Thursday, December 03, 2009

Dispatch 50 North Minerva Reef

Nov 6 - Nov 12, 2009
Minerva Reef is a place we have both dreamed about for years. The
description of it always made us curious to see it and, as it is en route to New Zealand, it is frequently a stopping off point for yachts. Before we arrived, 22 yachts had been anchored inside the reef. There are both
North and South Minervas. They are the remains of old atolls which
have all but sunk into the sea leaving a very dangerous navigational obstacle, a nearly circular
reef which doesn’t even show at high tide. At low tide, the reef is visible a couple feet above the level of the ocean. There is one area of small sand beach and a navigational light
placed here by Tonga, the
titular owners of the reefs. When we approached by sea, it appeared to be a hole in the ocean which was calm; the boats anchored there looked for all the world like they were anchored in the middle of the ocean. While we had considered carrying on past the reef as our passage was going well, we decided to stop and have a look.

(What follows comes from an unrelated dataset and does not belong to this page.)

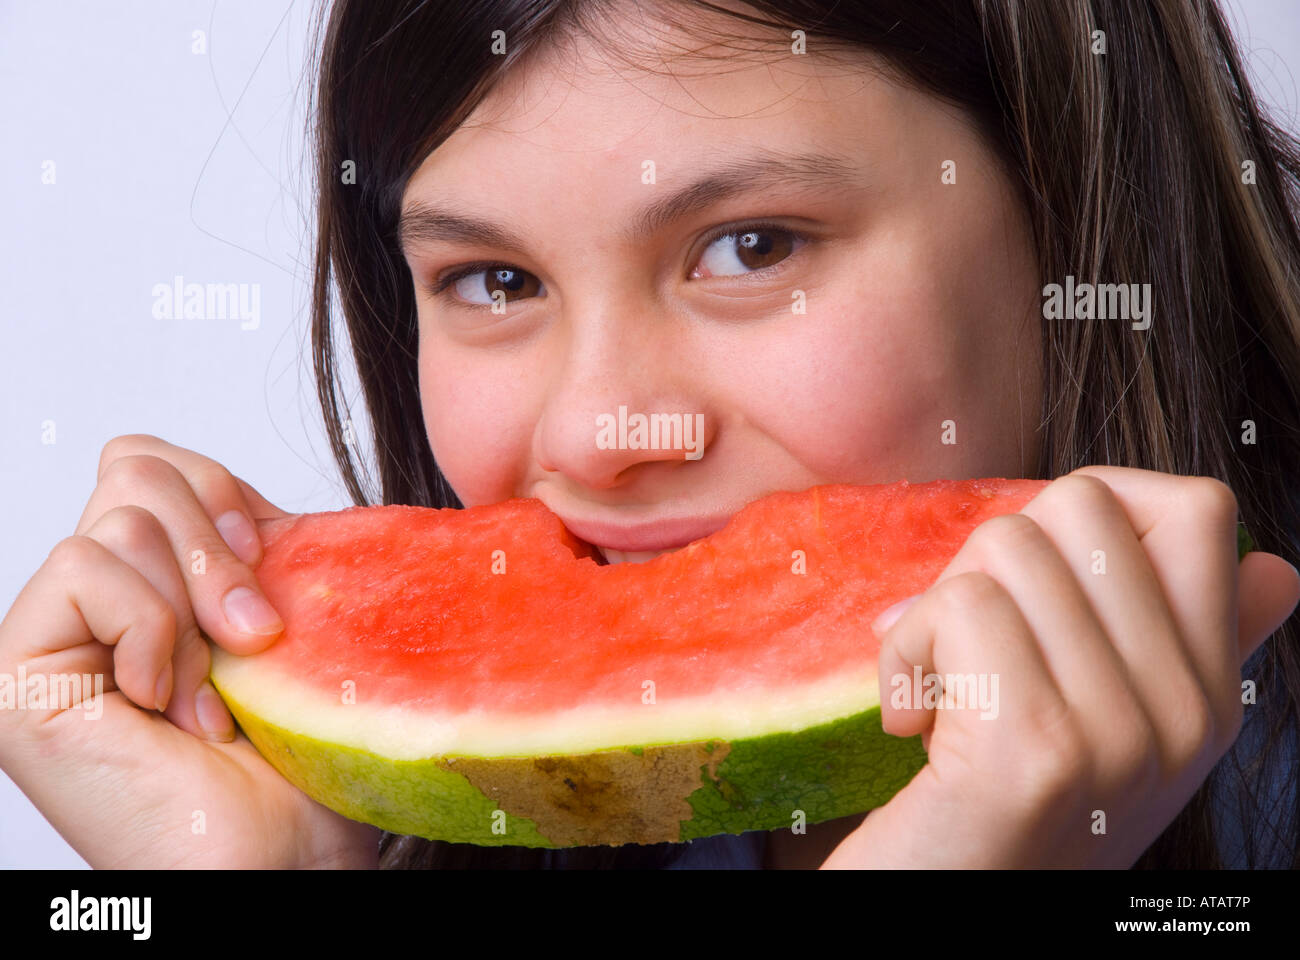 Giovane ragazza sorridente che mangia una fetta di anguria matura senza semi Foto Stock
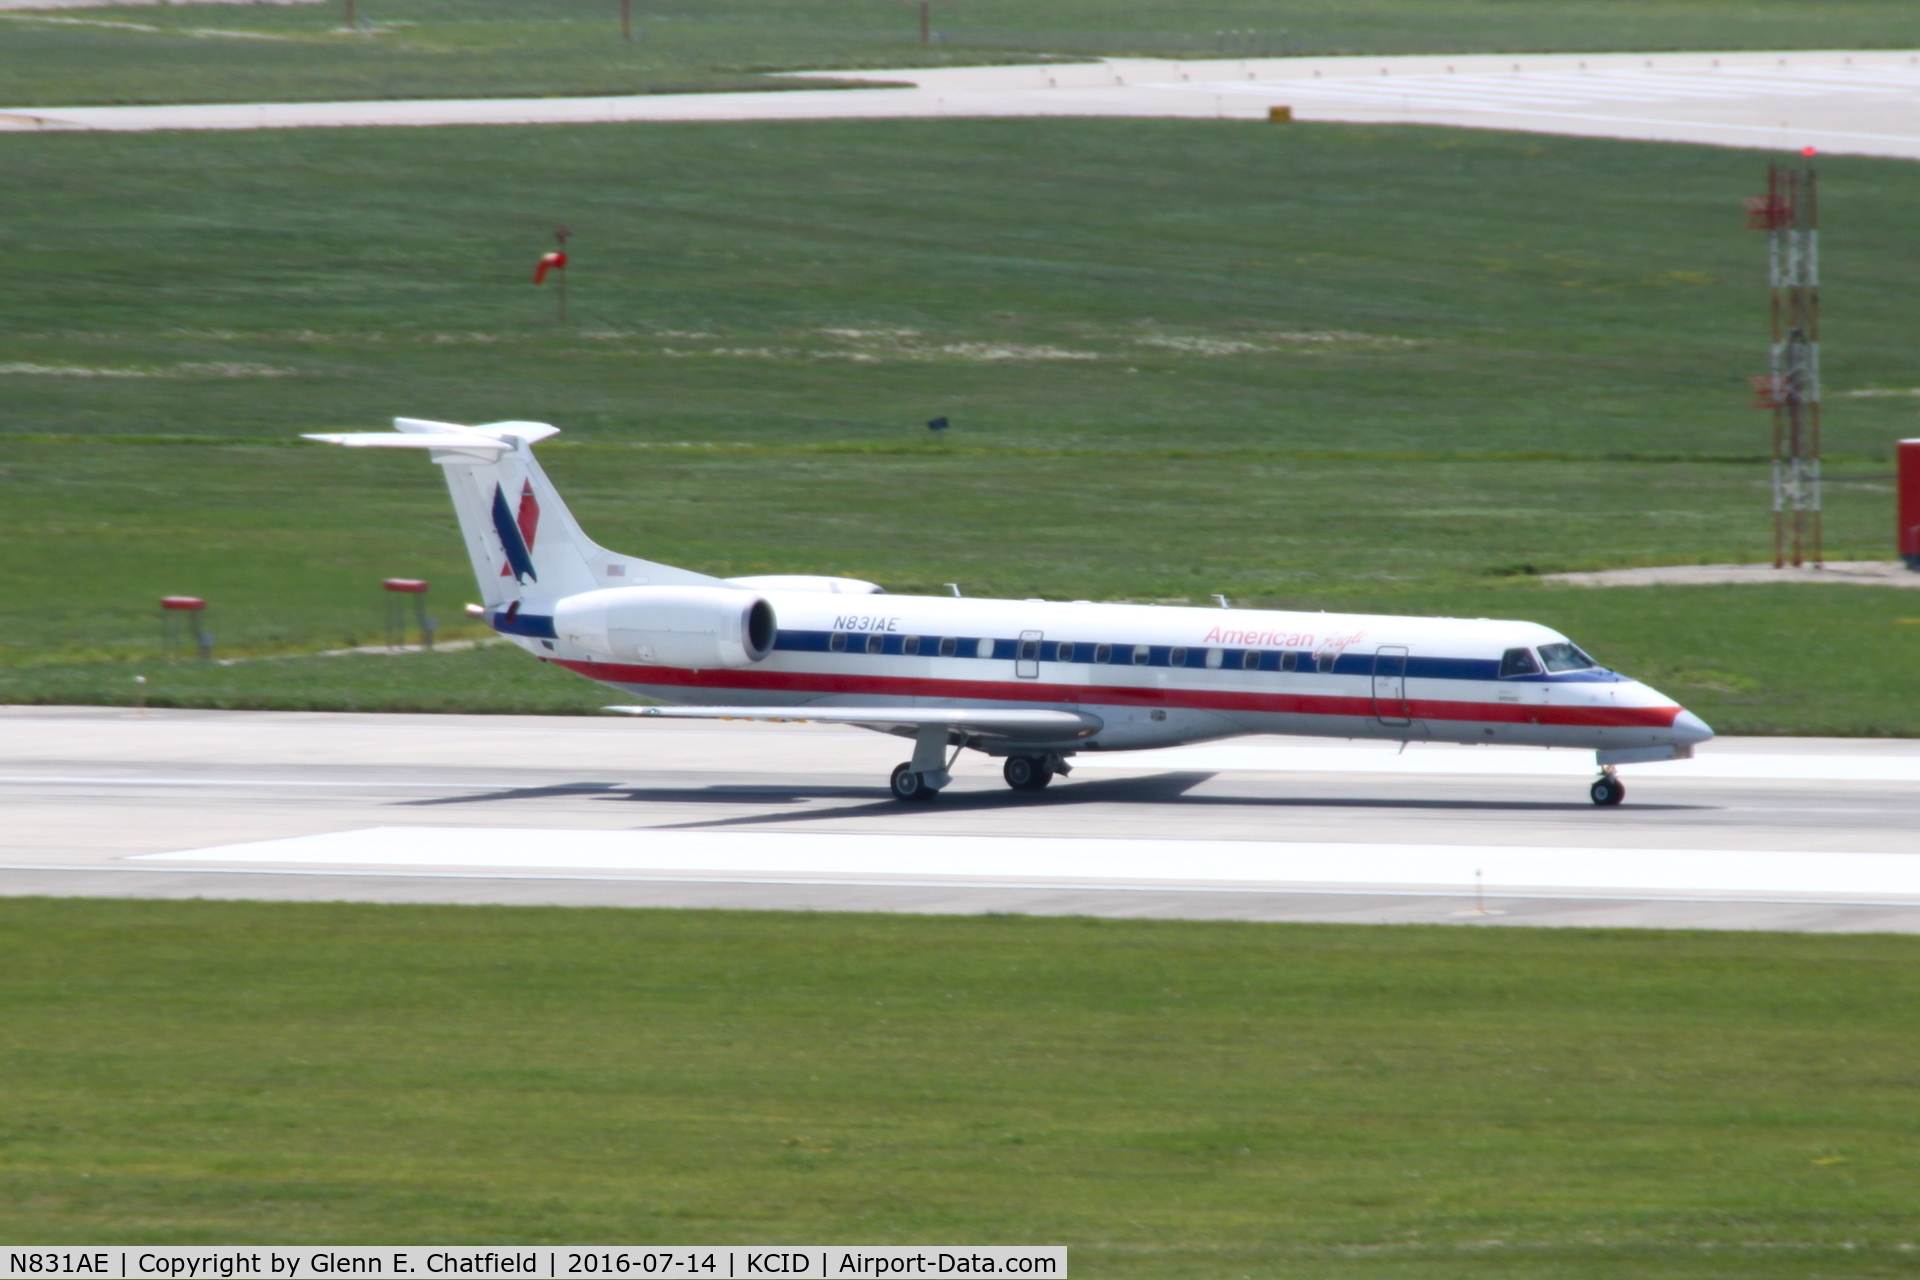 N831AE, 2002 Embraer ERJ-140LR (EMB-135KL) C/N 145616, Departing runway 27

We had left Nuku’alofa in a very good wind on a very rainy day. The passage here was notable for reasonable winds and seas and gloriously, no seasickness!

Within North Minerva were anchored some boats that were friends of ours including our
friends of 4 years, Bruce and Alene on a boat called Migration. We pulled in, anchored (there is room for probably hundreds of boats here) and were immediately invited for hot showers and dinner aboard Migration. We had made dinner for them upon arrival to Nuku’alofa after their passage and it is such a luxury to be treated so well when one is sleep deprived and exhausted. We accepted. The next day we had a jubilant visit from them to invite us to a party the following day. With a little encouragement, they finally told us the reason for the party—they had become engaged that very morning! Bruce, ever the trickster, had thrown a bottle overboard with a message in it. He got Alene to notice the bottle and they fished it out. The
message said, “WYMM” (will you marry me) and she had said an enthusiastic “yes”! While we walked on the reef that afternoon, we told them that some other friends of ours also anchored here at Minerva were both ship’s captains and had performed a wedding ceremony at Suwarrow, legally marrying another cruising couple. Their eyes lit up but they needed to think about it more.

The reef is fascinating. We were able to walk on it at low tide. It was a few hundred feet wide blocking the ocean swells from reaching inside except for a little bobble at high tide. We snorkeled just inside the reef and found a little microenvironment there. As we swam back to our boats, we splashed quite a bit because we were cold and swimming hard. Alene called out “shark” when she saw the gray shark that had come to investigate the sudden splashing. As we stopped and hung in the water quietly, he swam silently away. Later we snorkeled outside the reef where we found gorgeous and healthy coral in abundance.

Bruce and Alene decided that the opportunity was too great to pass up and they decided to get married in the middle of the ocean. So within a day, the whole random group of boats
assembled there conspired to make a wedding. I made a 2 tiered white wedding cake as Alene

requested and decorated it with a little Ecuadorian couple woven from straw that we had on our boat as well as shells collected in Panama with Bruce and Alene. Everyone brought nibbles to enjoy after the midday wedding, performed on their trimaran, we all witnessed their union in one of the most remote places on earth. It was a stellar day. For the wedding reception, they motored their boat towing about 5
dingys and all the guests to the pass, anchored, and everyone snorkeled outside on the reef. What a day! We were so happy to be there to share that great moment with them.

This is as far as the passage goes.